Amazon are singled out in this video but are not alone and in the UK, new legislation will try to combat the problem.
We don’t hide our major clients, from the BBC, to M & S and Warner Brothers, yet you will not see testimonials on our website, or embedded reviews.
This is a choice and no disrespect is meant to those who offer them but worth taking user perception into account. A decade ago, up to 10% of people visiting an average website might look at a testimonials page, now typically less than 1%.
The reason of course is lack of trust, to the extent that many feel showing testimonials does more harm than good. Neither are online reviews, or social mentions as believed as they were, with legislation now being aimed at them.
The Digital Markets Bill
To give the full title, the Digital Markets, Competition and Consumers Bill is at committee stage and will soon add to the powers of the Competition and Markets Authority. A newly formed Digital Markets Unit will focus on creating a competitive environment.
The task will be wide ranging, from trying to control market dominance, to subscription models for consumers and small business.

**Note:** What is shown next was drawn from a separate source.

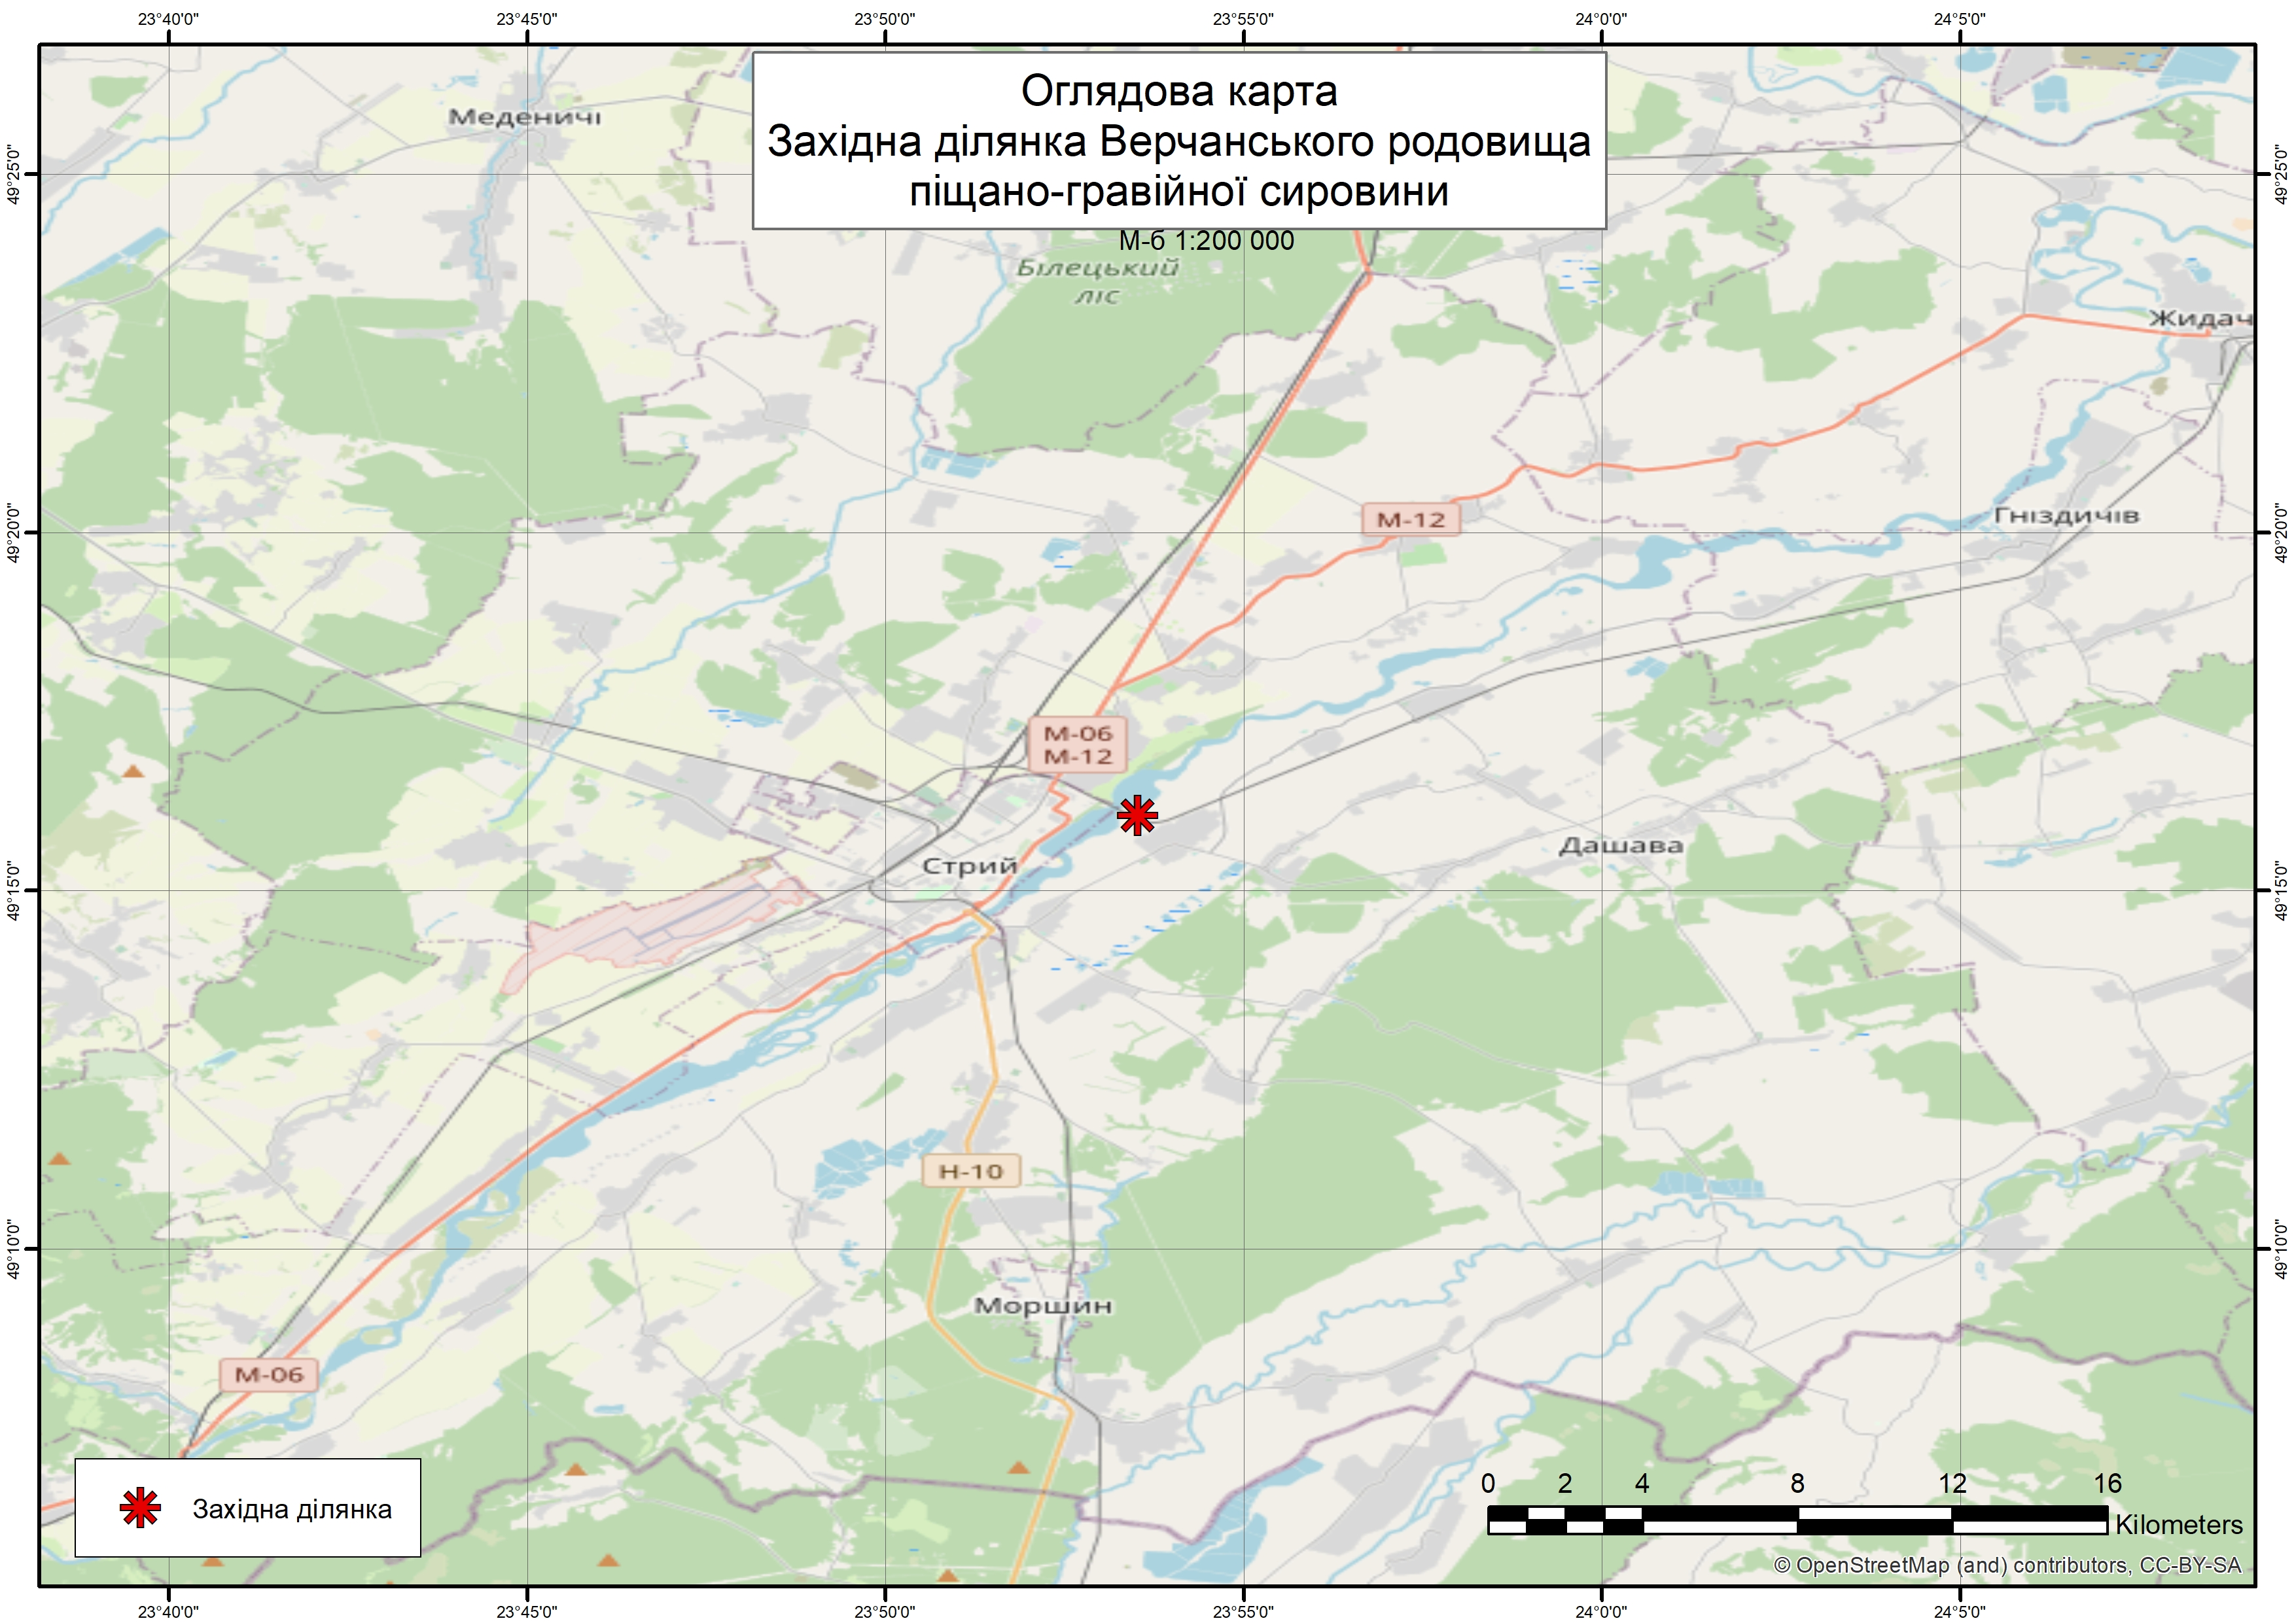 Спеціальний дозвіл на користування надрами – Західна ділянка Верчанського родовища. Вартість геологічної інформації – 101 401,27 грн (з ПДВ). Вартість пакету аукціонної документації – 4 500 грн (з ПДВ).

There is also a requirement to eliminate fake reviews, buying, selling or hosting them will become illegal.
In principle, this would include writing an inventive testimonial on a website but being that granular is unlikely to be practical for a regulator. A greater focus will be on major tech companies and levying fines if they are not compliant.
Even so, specific duties are being assigned in terms of online promotion and the probability is that a few small fry will be caught in the net.
Principles To Note
Platforms hosting reviews must take reasonable steps to verify that product and service reviews are genuine. There will be a ban on people receiving money or goods for writing reviews and on companies paying for them.
This includes professional promoters on social media and those who offer fake reviews at a price, on places ranging from NHS Choices, to Google, Facebook etc. Not so hard to purchase them by batch, at a relatively modest cost.
How successful the regulator will be at stopping large scale activity, often originating in under regulated countries remains to be seen. The more serious battle against phishing and phone scams has not eliminated the problem.
There will still be well publicised cases and ensuring they could not in any way be linked to a business will make sense for them. The clean up may come from reputation protection, as much as individual regulatory action.
Keep On Promoting
Nobody is suggesting that promoting a business should hold a fear factor. We all need to do this, although there are varying ways.
A proportion of consumers and many B2B buyers carry out their own research. Ensuring they can easily find information on a website matters, then they will check claims made, look at corporate structure and relationships.
Dynamic for example mention the many thousands of carnets we have supplied and this can be verified. When we partnered with a leading US company, this was highlighted rather than hidden away, our environmental and data policies are there to be seen.
As the web matures, honesty and openness may prove to be the best recommendation. The same as when customers talk to a support team and value an honest response.